Without any sort of plan, I end up at a small beauty salon. The hair dryers rise the
temperature in the salon, the hairdressers and manicurists use a higher pitch to
greet the customers and the reverberations of laughter come and go. Their pitch
of their voices is increasingly higher when they recognize that I am Colombian.
Warmth is everywhere. I remember that a professor in college used to say that a
beauty salon aimed to represent the female’s womb. This is definitely the case.
The walls are all pink and the head hairdresser and the owner are like
“matronas”, women that traditionally took care of the Latin American
household, especially of females’ wellbeing. The head hairdresser fits the
imagined physical appearance of a matrona: she is taller than the rest of the
women in the salon, has a robust body and, though she covers most part of her
legs with a long blue dress, you can see that they are strong and hold the long
hours of work. “Doctora Corazon” (Heart Doctor), says one lady. I’m not sure if
she is referring to the matrona, but I can listen their narrations about the
happenings of the week and the lives of other neighbors. The matrona turns on
the hairdryer and it quiets the raspy tone of the nail filer as well as the water
dripping from a rose that washes a clients’ hair. The hair dryers are turned off for
a while, but it is strange how I miss the sound. The common belief is that noises
distract you and, instead, the silence allows you to carry on with your activities. I
was talking to one of the manicurists, as she removed the cuticle of my fingers
3. and one of my hands moved the balls contained in a hot water bowl. But when
the different sounds of the hair dryers faded away (there is a crispier noise when
the dryer is far away from the hair), I immediately got distracted and thought
something was not right in my environment. Maybe I’m too familiar with the
dominant background of any salon, given that I went to a parlor twice a week in
Colombia. Thus, salons and I invented our own silence, it’s a mix between the
hairdryer’s hollering and the rasping tone of the nail foil.
However the hair dyer can’t hush the overlapping voices that come from every
corner of the salon. This can partly be explained by the fact that each one of
these voices can chose to increase their volume and pitch. The parlor’s owner
told me she was from Buga, a small Colombian town, where people speak loud
in public areas, no matter how close or far the listener is. In this town, the act of
speaking with an intense volume is not impolite; rather not being heard is
impolite. “My father and I have great hair,” says a nine-year-old kid to other
children that just entered. A lady sits on the red chair in front of the mirror and it
seems as if she is ready to lead a confessionary meeting.

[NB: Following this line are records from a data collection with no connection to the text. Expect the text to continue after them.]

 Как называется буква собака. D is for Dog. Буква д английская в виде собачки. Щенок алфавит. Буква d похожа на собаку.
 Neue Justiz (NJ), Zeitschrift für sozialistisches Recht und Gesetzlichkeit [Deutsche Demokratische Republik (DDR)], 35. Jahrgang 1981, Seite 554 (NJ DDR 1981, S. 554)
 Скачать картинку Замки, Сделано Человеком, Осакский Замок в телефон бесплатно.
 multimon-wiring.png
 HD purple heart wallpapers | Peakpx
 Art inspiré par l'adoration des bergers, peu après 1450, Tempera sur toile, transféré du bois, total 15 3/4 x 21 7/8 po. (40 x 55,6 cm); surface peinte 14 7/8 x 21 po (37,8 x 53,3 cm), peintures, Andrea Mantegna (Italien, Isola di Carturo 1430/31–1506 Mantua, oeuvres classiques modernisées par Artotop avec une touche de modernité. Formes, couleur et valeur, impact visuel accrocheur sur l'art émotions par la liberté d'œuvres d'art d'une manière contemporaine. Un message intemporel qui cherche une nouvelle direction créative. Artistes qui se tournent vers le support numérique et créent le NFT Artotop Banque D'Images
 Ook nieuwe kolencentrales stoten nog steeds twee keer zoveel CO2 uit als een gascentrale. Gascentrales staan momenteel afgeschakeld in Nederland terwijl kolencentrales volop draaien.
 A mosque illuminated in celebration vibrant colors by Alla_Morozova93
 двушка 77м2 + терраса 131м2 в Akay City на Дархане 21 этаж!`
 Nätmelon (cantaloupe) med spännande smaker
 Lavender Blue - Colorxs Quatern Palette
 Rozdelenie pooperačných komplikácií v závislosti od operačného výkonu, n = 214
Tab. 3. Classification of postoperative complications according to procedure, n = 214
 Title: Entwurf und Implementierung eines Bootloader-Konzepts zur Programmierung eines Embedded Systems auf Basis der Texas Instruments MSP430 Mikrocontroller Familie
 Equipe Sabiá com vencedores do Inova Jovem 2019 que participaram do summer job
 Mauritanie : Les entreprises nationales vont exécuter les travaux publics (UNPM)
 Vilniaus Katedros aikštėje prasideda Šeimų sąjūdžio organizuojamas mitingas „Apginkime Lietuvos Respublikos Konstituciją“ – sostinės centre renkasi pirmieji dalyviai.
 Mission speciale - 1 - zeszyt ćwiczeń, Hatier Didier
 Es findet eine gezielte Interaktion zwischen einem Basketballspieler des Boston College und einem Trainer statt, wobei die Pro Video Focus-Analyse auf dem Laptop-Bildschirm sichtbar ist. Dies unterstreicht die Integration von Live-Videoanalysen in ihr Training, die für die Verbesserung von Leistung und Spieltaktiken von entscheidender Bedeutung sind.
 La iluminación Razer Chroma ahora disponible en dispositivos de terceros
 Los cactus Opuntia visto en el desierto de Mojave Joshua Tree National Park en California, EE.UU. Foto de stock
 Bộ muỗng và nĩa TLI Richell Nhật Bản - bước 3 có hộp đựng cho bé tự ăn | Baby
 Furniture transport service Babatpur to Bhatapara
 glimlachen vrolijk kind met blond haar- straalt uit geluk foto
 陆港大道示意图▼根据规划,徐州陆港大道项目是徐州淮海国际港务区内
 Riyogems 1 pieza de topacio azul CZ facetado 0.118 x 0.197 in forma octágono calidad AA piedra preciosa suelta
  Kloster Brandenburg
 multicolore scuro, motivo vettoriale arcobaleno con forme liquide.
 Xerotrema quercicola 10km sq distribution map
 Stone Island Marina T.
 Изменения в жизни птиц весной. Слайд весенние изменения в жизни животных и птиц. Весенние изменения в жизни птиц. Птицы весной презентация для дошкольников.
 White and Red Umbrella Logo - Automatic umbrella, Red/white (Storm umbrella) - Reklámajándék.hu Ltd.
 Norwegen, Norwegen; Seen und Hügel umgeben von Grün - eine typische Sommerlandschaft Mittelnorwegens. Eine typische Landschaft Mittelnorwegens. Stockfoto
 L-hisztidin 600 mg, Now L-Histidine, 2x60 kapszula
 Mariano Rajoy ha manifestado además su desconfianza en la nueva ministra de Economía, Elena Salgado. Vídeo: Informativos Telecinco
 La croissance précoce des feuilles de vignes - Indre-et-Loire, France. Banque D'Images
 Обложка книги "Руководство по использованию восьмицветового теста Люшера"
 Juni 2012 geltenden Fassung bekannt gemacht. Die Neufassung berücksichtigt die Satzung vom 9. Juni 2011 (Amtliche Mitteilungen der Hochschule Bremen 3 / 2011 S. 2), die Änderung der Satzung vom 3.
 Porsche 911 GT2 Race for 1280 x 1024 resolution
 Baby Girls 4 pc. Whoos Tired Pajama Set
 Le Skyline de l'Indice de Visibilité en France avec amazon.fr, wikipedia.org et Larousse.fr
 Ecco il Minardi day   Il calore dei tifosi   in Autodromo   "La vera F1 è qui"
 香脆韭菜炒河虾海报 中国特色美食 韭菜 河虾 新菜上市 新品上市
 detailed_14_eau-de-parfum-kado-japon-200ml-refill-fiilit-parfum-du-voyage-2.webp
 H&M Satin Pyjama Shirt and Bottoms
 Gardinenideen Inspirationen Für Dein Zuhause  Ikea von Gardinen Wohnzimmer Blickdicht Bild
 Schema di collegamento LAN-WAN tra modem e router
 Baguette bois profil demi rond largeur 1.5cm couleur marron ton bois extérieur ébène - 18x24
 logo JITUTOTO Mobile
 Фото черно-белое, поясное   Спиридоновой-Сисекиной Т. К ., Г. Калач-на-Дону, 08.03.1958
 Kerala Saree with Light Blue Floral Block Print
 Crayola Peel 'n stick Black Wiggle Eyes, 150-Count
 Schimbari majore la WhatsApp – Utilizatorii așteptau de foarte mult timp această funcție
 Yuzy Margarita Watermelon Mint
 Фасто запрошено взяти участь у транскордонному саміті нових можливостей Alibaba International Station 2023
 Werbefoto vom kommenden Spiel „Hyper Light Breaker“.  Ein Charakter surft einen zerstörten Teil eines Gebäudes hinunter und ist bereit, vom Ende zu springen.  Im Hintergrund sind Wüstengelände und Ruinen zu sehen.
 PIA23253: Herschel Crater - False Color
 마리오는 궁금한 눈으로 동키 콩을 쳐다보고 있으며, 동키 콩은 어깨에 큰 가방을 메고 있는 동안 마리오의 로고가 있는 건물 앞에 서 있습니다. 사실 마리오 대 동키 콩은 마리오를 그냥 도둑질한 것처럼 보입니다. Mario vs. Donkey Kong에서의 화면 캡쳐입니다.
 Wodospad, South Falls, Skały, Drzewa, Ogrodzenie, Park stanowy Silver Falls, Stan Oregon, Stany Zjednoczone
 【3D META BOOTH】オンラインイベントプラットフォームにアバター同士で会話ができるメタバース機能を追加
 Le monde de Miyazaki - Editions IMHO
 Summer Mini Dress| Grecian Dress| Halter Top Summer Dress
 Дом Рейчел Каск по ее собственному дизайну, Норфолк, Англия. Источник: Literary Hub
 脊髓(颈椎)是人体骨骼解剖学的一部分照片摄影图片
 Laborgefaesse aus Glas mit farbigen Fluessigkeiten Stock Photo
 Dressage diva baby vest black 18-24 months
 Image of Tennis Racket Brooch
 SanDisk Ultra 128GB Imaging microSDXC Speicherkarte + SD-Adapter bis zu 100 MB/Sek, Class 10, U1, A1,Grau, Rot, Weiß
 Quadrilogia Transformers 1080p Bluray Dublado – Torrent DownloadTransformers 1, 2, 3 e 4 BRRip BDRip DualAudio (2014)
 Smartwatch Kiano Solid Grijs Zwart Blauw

She begins by
commenting to the matrona the trouble she finds in doing a blower by herself
and then narrates the finale of a Colombian soap opera. Suddenly all the circles
of voices make a pause and pay attention to how she becomes a storyteller of
the TV episode. Again I hear the circles of voices and their laughter. A male
customer asks for a hair cut and the buzz of a razor starts and ends in a short
period of time. As the hair salon’s silence and mine is interrupted, other sounds
appear: the stridency of a brush rubbing dying cream to hair lied down on
aluminium, a pop song, a near by underground subway passing through the rails
and scissors cutting hair. The hair dryer is back. I decide to leave and after saying
goodbye, customers, manicurists and hairdressers respond in unison. Outside I
find myself again immersed in a world with unfamiliar noises, I promise myself I’ll
come back the next day to analyze further more the soundscape. I guess my
desire is to listen again to the harmonics, which represent a space where I can
belong and somehow find myself in the city.